== Directions ==
Every line of the listing below should be written out exactly, minus its images.

== Input data ==
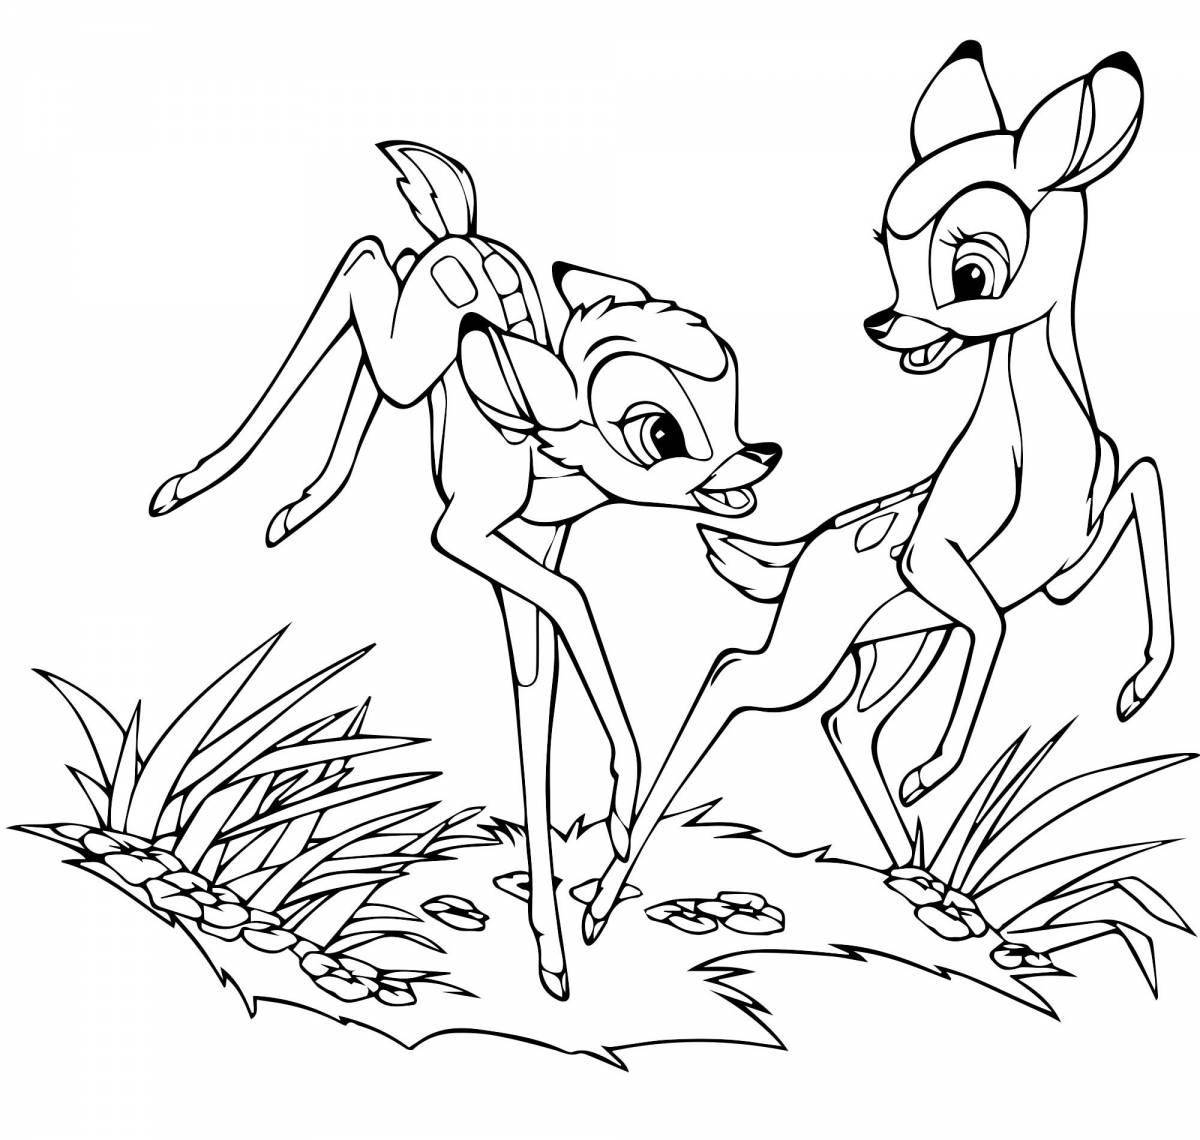 Outstanding bambi coloring book for 3-4 year olds
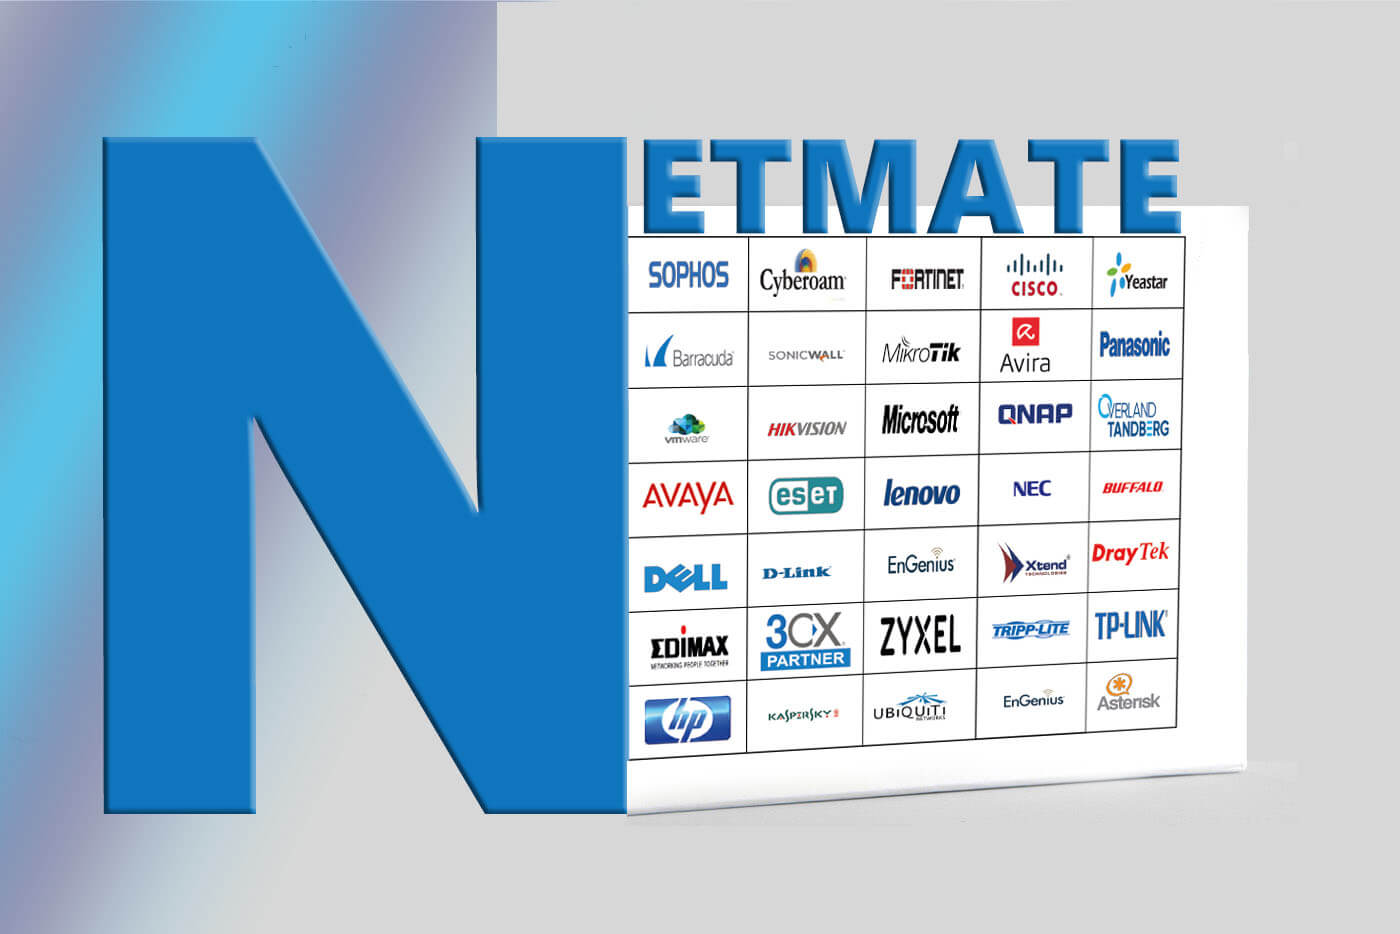 Netmate IT Services-The best IT Services and IT Solutions in Dubai
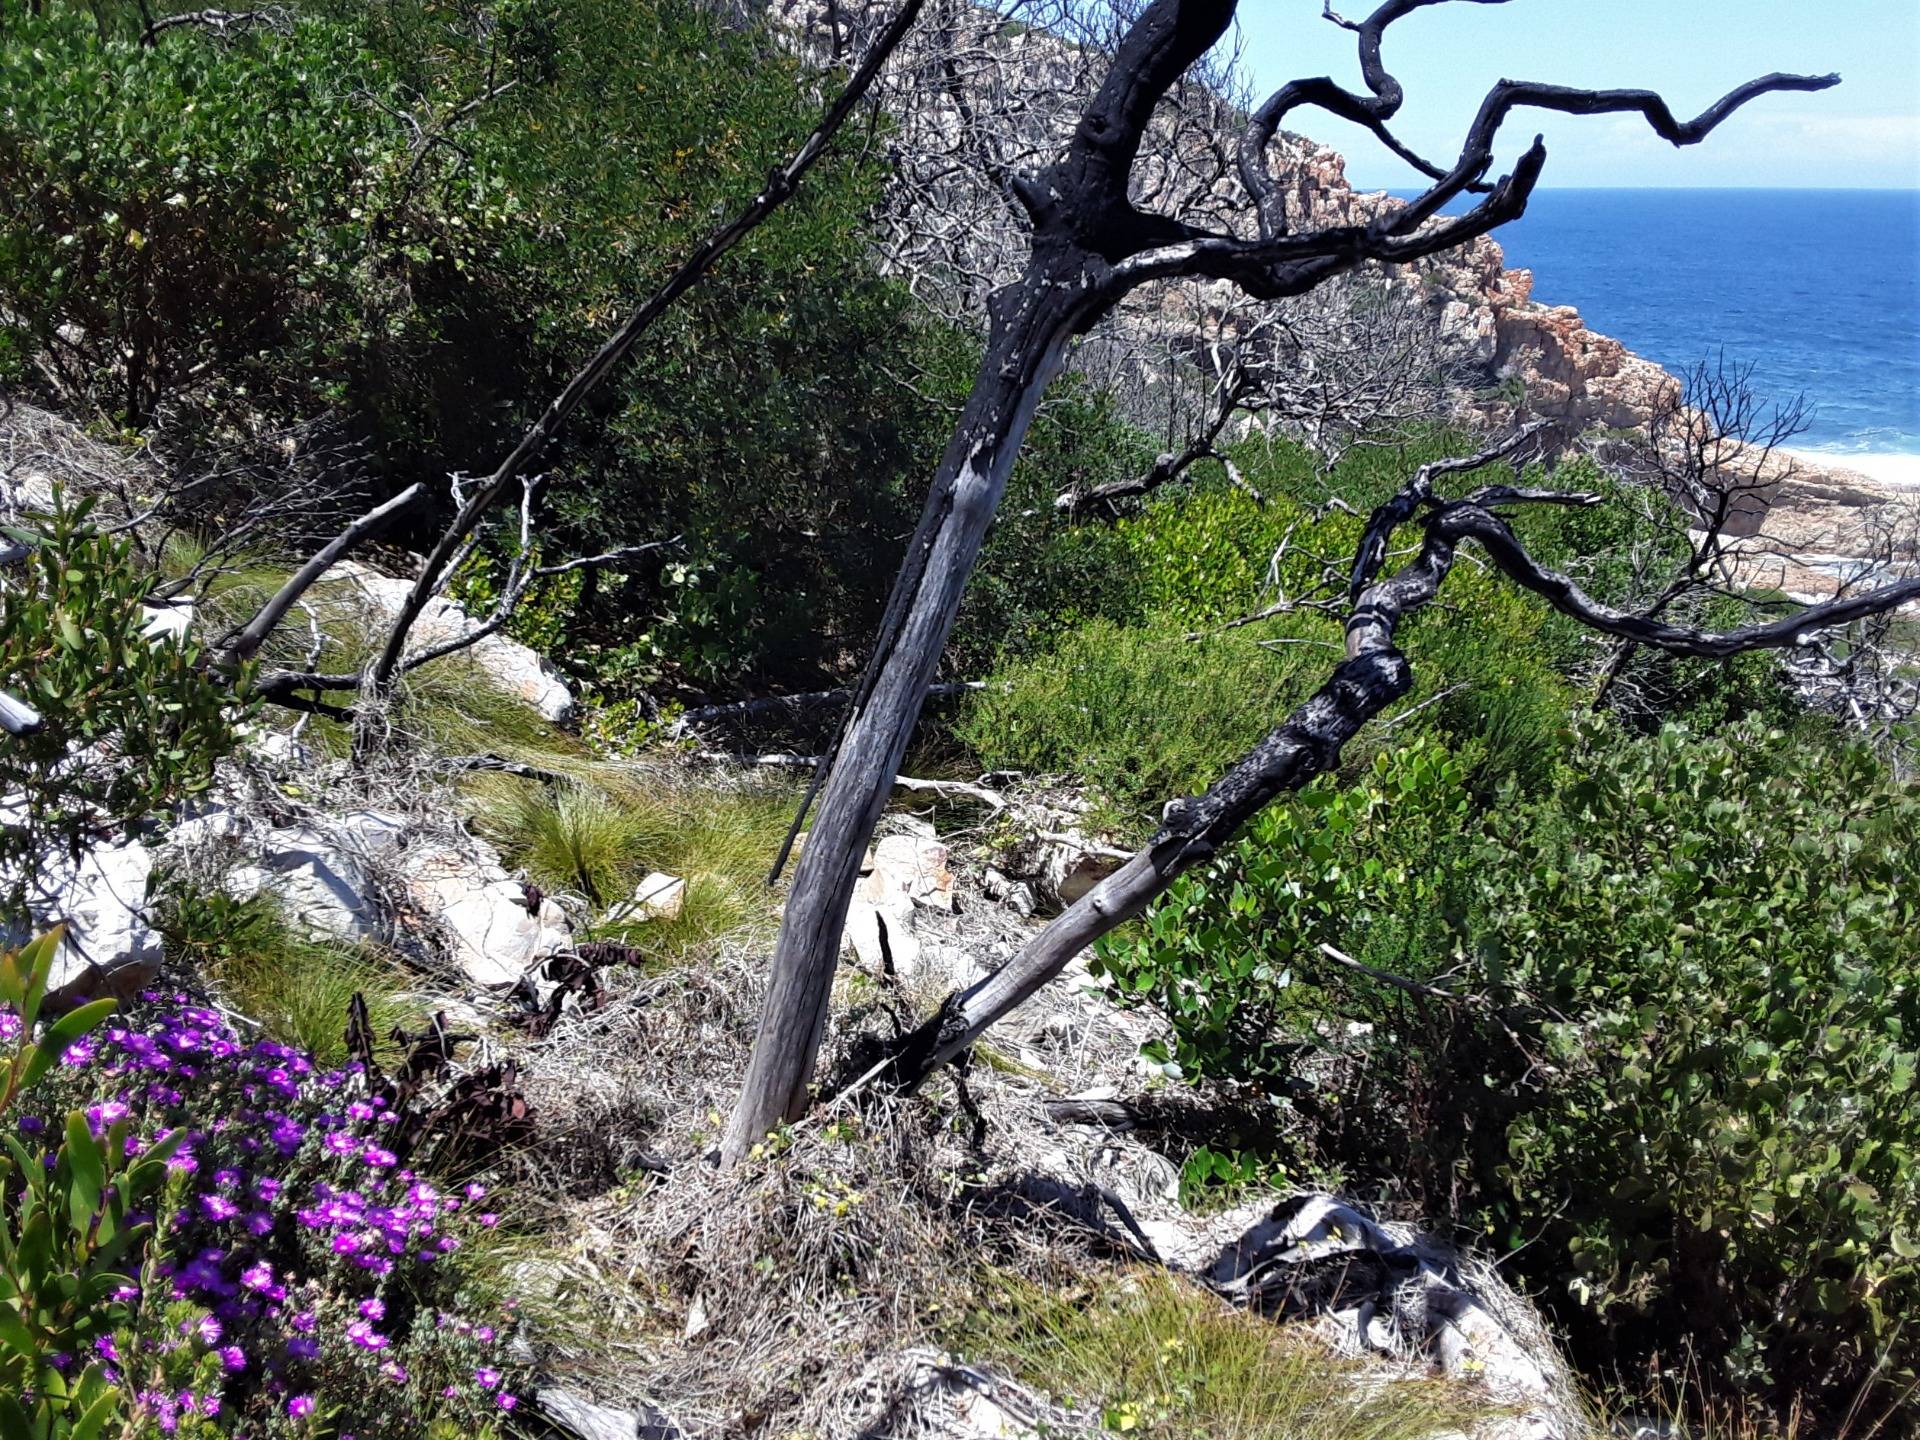 Floral rejuvenation around the remaining charred trees from the last fire five years ago

== Answer ==
 Outstanding bambi coloring book for 3-4 year olds
 Netmate IT Services-The best IT Services and IT Solutions in Dubai
 Floral rejuvenation around the remaining charred trees from the last fire five years ago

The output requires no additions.